Denmark–Ukraine relations are the current and historical relations between Denmark and Ukraine. Denmark recognized Ukraine on 31 December 1991, and diplomatic relations were established on 12 February 1992.

Denmark supports Ukraine in line with the Eastern Partnership and has contributed to reforming various Ukrainian sectors. Denmark has been described as a key partner for Ukraine. Denmark is a member of the NATO and EU, which Ukraine applied for in 2022. Both countries are members of the Council of Europe and the United Nations.

Denmark has since the Russian invasion of Ukraine aided the Armed Forces of Ukraine with around 8.5 billion euros.

==Early ties==
In 1918 or 1919, Denmark recognized the Ukrainian People's Republic.

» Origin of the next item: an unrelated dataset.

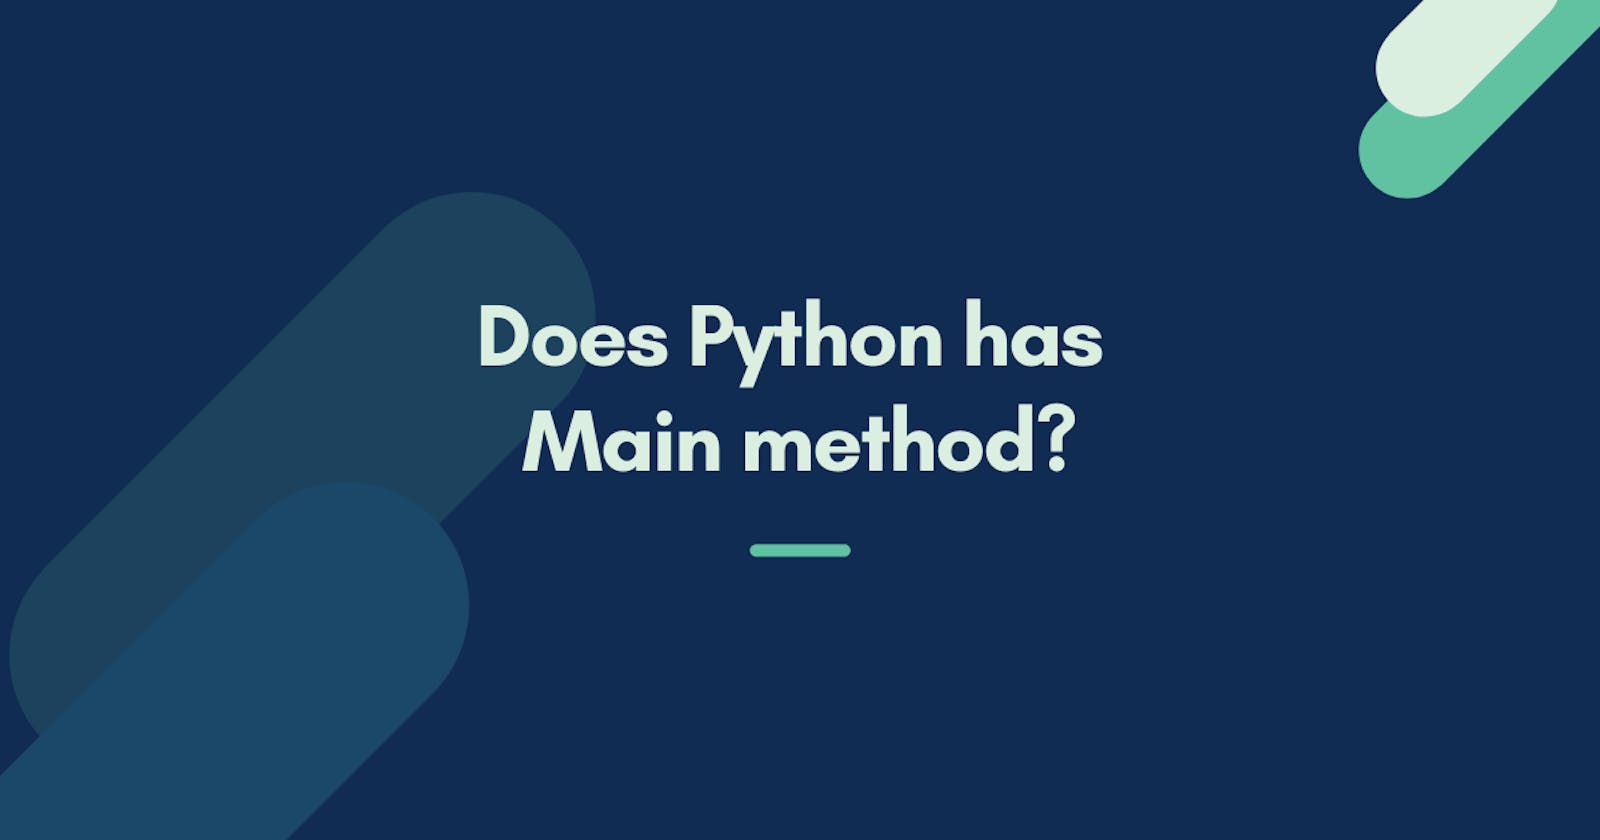 Does Python has a main function?

From 1921 to 1991, Ukraine was part of the Soviet Union as the Ukrainian Soviet Socialist Republic. Denmark on the other hand is member of the Western Bloc, being a founding member of NATO. The two countries had no official ties during this period and diplomacy was conducted with the Soviet Union in the Danish embassy in Moscow.

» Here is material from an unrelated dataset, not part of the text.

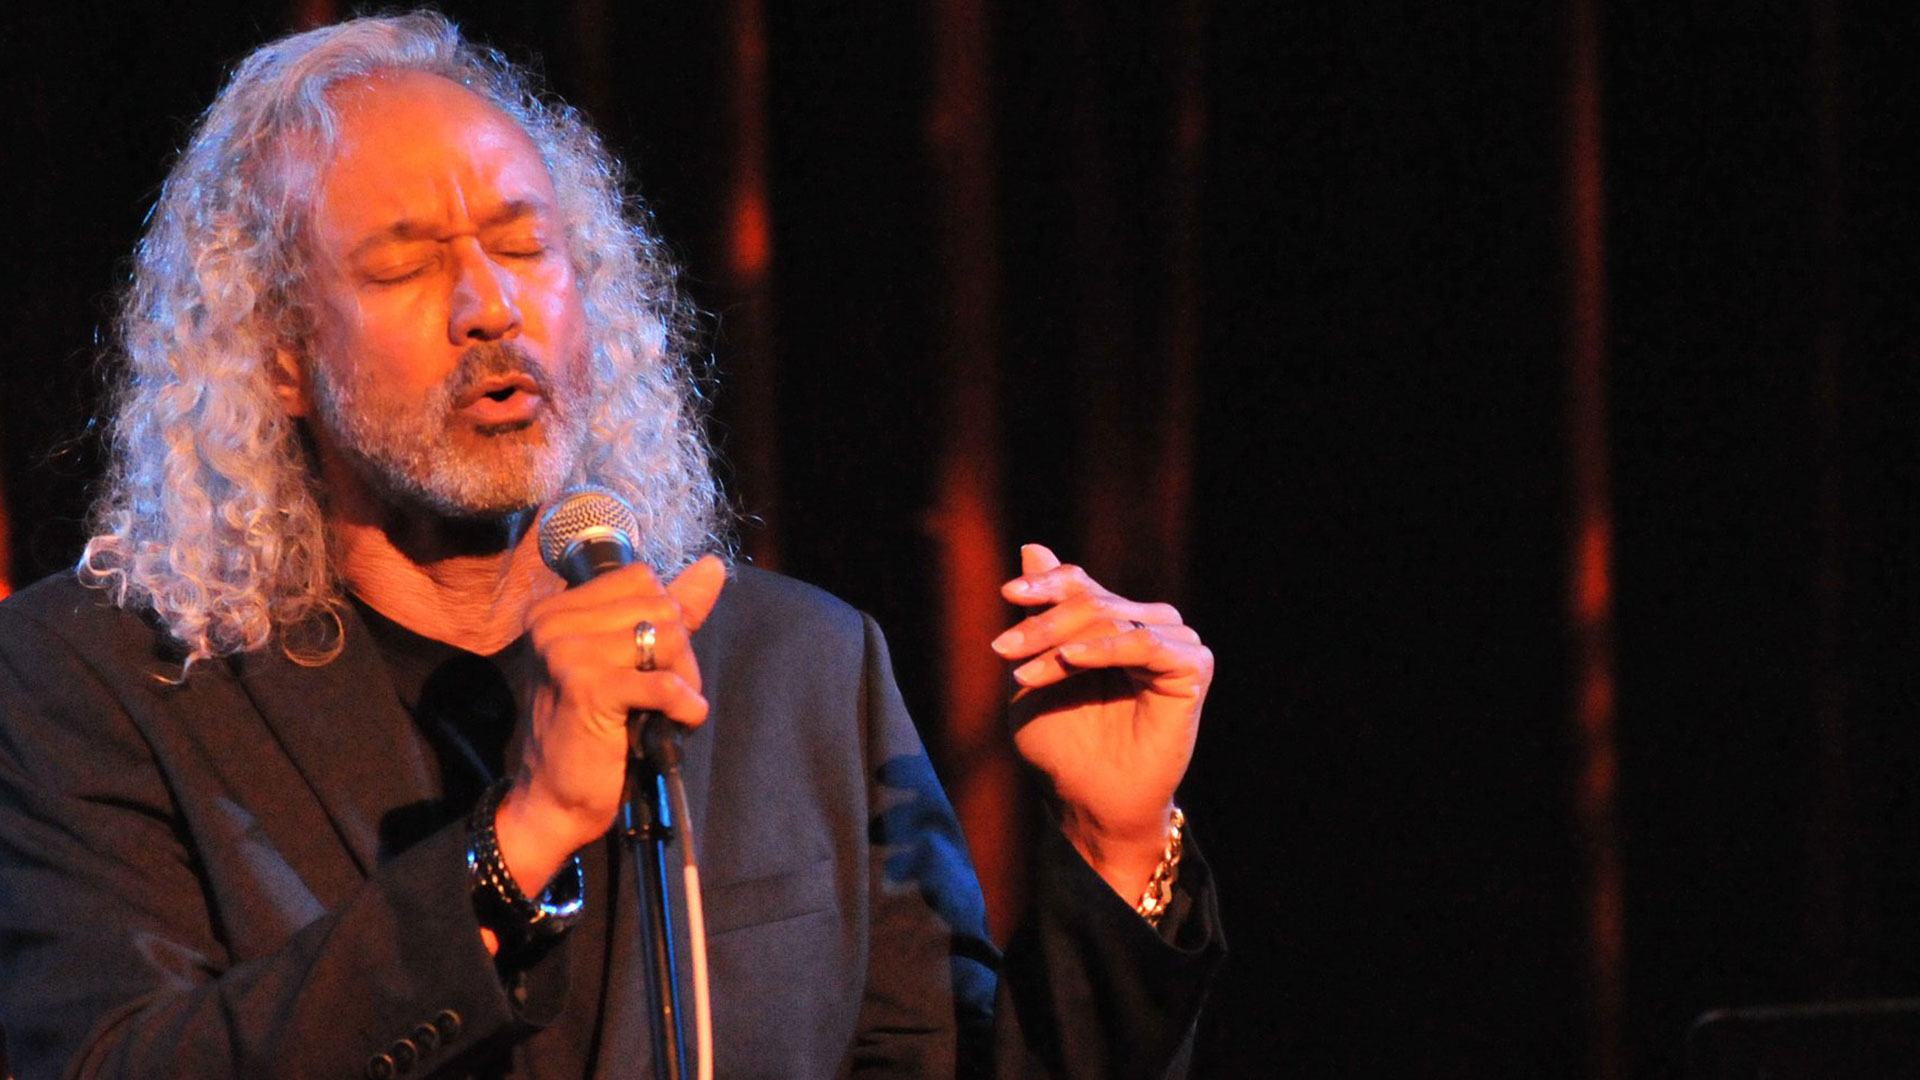 A man with curly hair and beard holding a microphone.

Following the independence of Ukraine on 24 August 1991, Denmark recognized the latter on 31 December 1991. Formal diplomatic relations was established weeks later, on 12 February 1992.

== Modern ties ==
During the Danish Presidency of the Council of the European Union, Prime Minister of Denmark Anders Fogh Rasmussen welcomed Ukraine in the European Union but said that Ukraine needed more reforms before they can join the European Union. In 2004, to strengthen ties with Ukraine, Denmark opened an embassy in Ukraine.

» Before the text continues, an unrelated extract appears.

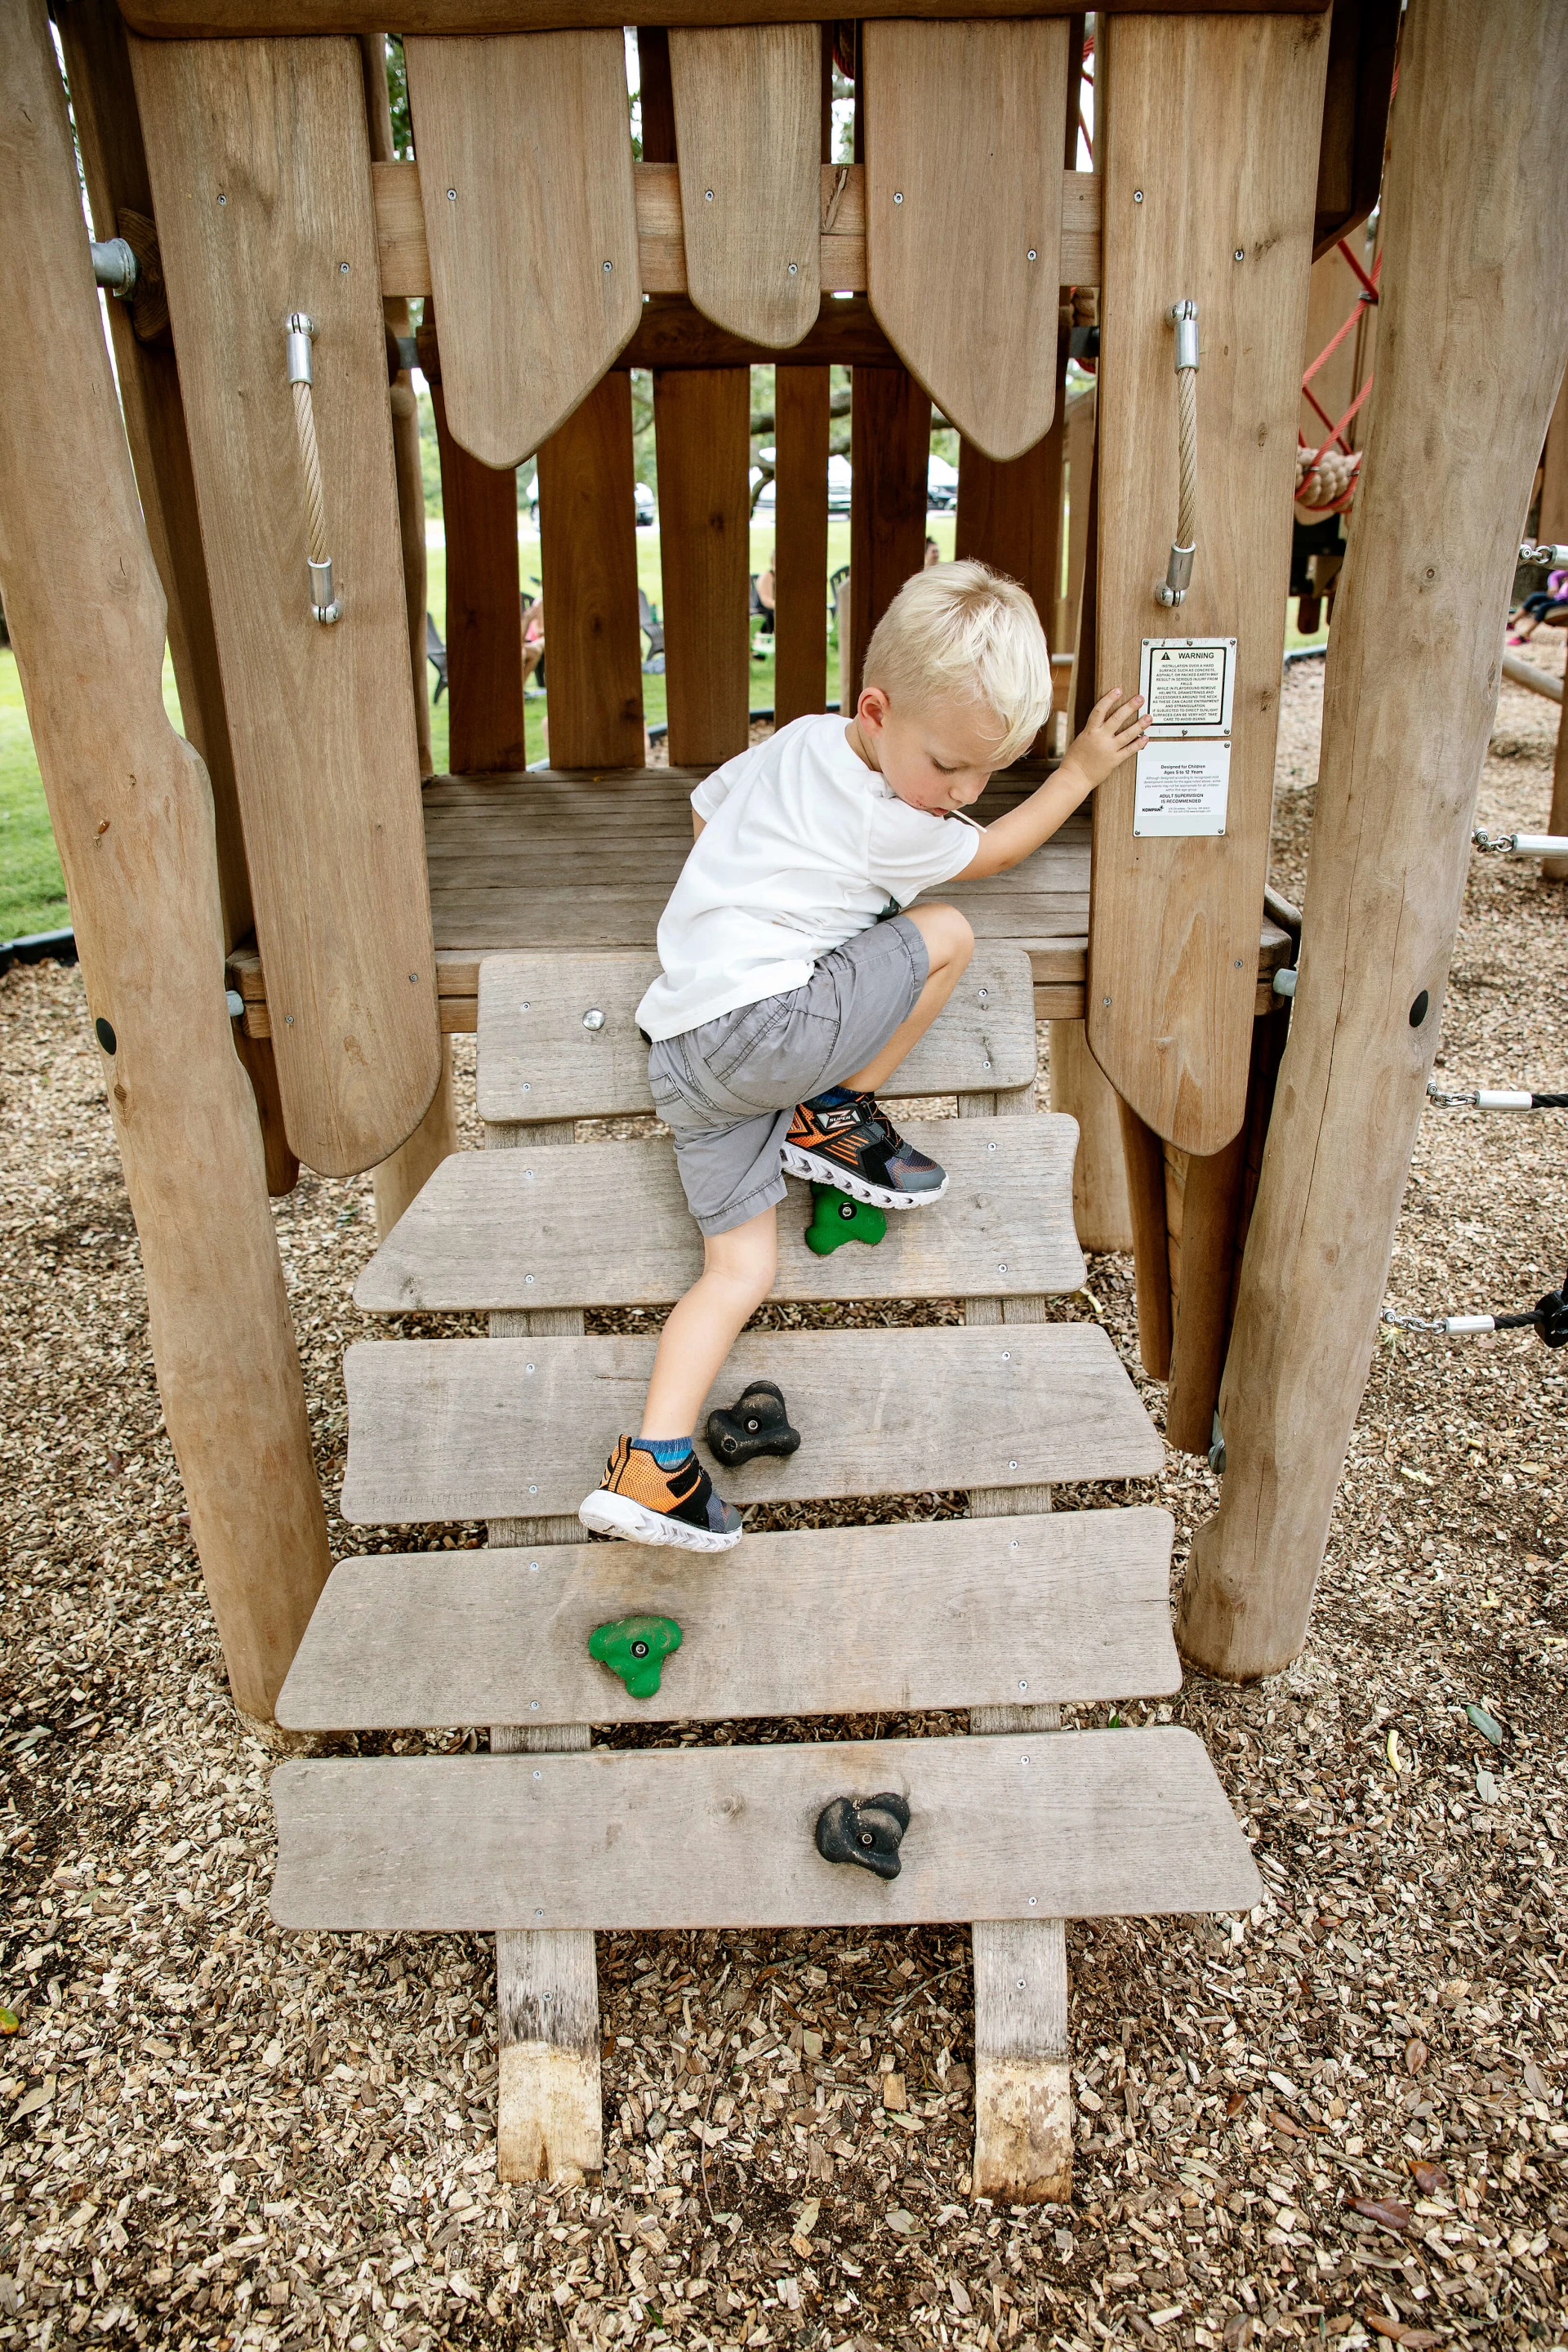 A young child climbing on wooden playground equipment

Denmark supported the EU membership candidate status for Ukraine in 2022.

In 2022, after Mykolaiv, Ukraine was partially destroyed by Russia during the Russian Invasion of Ukraine, President Zelensky asked the Danish Parliament for reconstruction aid. The Danish government has directed $250 million dollars to Mykolaiv as of 2025. The city is being used as a test bed for assistance policies that could be applied across Ukraine, and is supported by nonprofit groups such as the Danish Refugee Council and international agencies like the United Nations.

==High level visits==
Danish Foreign Minister Niels Helveg Petersen visited Ukraine in September 1998, during the visit, both countries signed an intergovernmental protocol on financial cooperation. In March 2007, President of Ukraine Viktor Yushchenko visited Denmark, to hold meetings with Danish officials about signing energy, agricultural and food cooperation agreements. In May 2011, Ukrainian Prime Minister Mykola Azarov invited Crown Prince Frederik to Ukraine.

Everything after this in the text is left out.